292 - The Learning Curve of Robotic Assisted Pedicle Screw Placement in Spin...

#292 The Learning Curve of Robotic Assisted Pedicle Screw Placement in Spine Surgery

Image-Guidance, Navigation, Robotics

Poster Presented by: I.H. Lieberman

Author(s):

X. Hu (1)
I.H. Lieberman (1)

(1) Texas Back Institute, Texas Health Presbyterian Hospital Plano, Scoliosis and Spine Tumor Center, Plano, TX, USA

Abstract

Introduction: Robotic assisted pedicle screw placement has shown some promising results by increasing the accuracy of spinal instrumentation, reducing potential complications and reducing radiation exposure. However, the learning curve of this new technique has not yet been fully evaluated.

Methods: Data were recorded from technical notes and operative records created immediately following each surgery case in which the robotic system was used to guide pedicle screw placement. All cases were performed at the same hospital by a single surgeon. The majority of patients had spinal deformity and/or previous spine surgery. Each attempted screw placement was classified as:

1) successful placed using the robotic guidance;

2) malpositioned using the robot;

3) robot aborted and screw placed manually;

4) screw omitted and deemed not needed at surgeonĀ“s discretion considering the clinical circumstances.

Results: Ninety patients who successfully underwent robotic assisted pedicle screw placement were classified into three different groups: the first 1 to 30 patients (group 1, median age: 47 years); the 31 to 60 patients (group 2, median age: 52 years); the 61 to 90 patients (group 3, median age: 53 years).
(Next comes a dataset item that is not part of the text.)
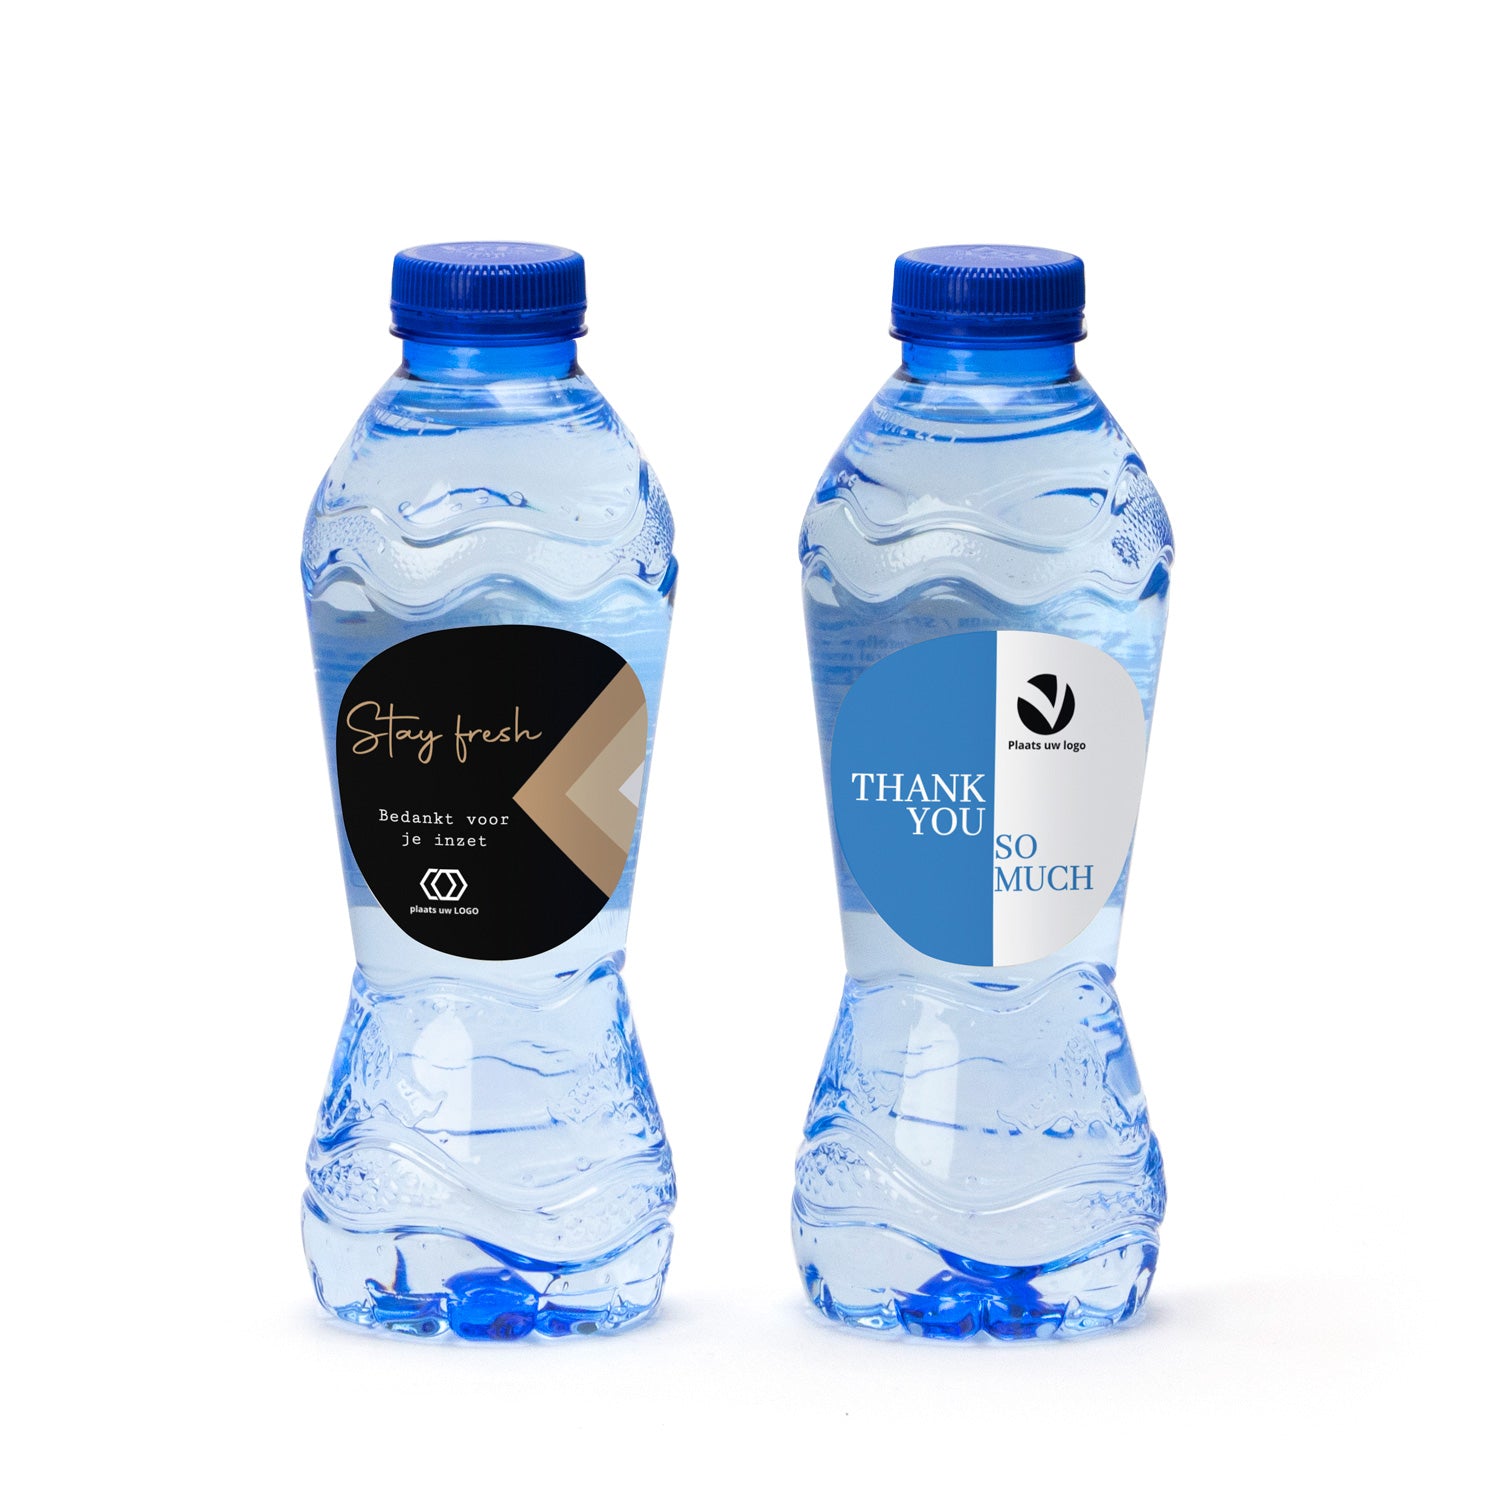 Flesje water met eigen etiket - Zakelijk - Bedankjes.nl

Eighty nine percent of the patients had spinal deformity and/or previous spine surgery. The number of attempted pedicle screws was 375 in group 1, 315 in group 2 and 340 in group 3. The rates of successfully placed pedicle screws were 80.00% in group 1, 91.11% in group 2, and 91.47% in group 3 (p>0.05). The rates of malpositioned screws were 0.80% in group1, 0.63% in group 2, and 1.47% in group 3 (p>0.05). The rates of the screws that were converted to manual placement were 17.33% in group 1, 7.94% in group 2, and 5.00% in group 3 (p< 0.01). The rates of the screws that were not placed were 1.87% in group 1, 0.32% in group 2, and 2.06% in group 3 (p< 0.05 between group 2 and 3) (Figure 1).

Conclusion: The rate of the screws that were converted to manual placement decreased dramatically after the first 30 cases. The rate of successfully placed pedicle screws also improved after the first 30 cases but the difference was not statistically significant. From these results it appears that surgeons will achieve consistent results using robotic assited pedicle scre placement after 30 cases especially under deformity and/or revision surgery circumstances.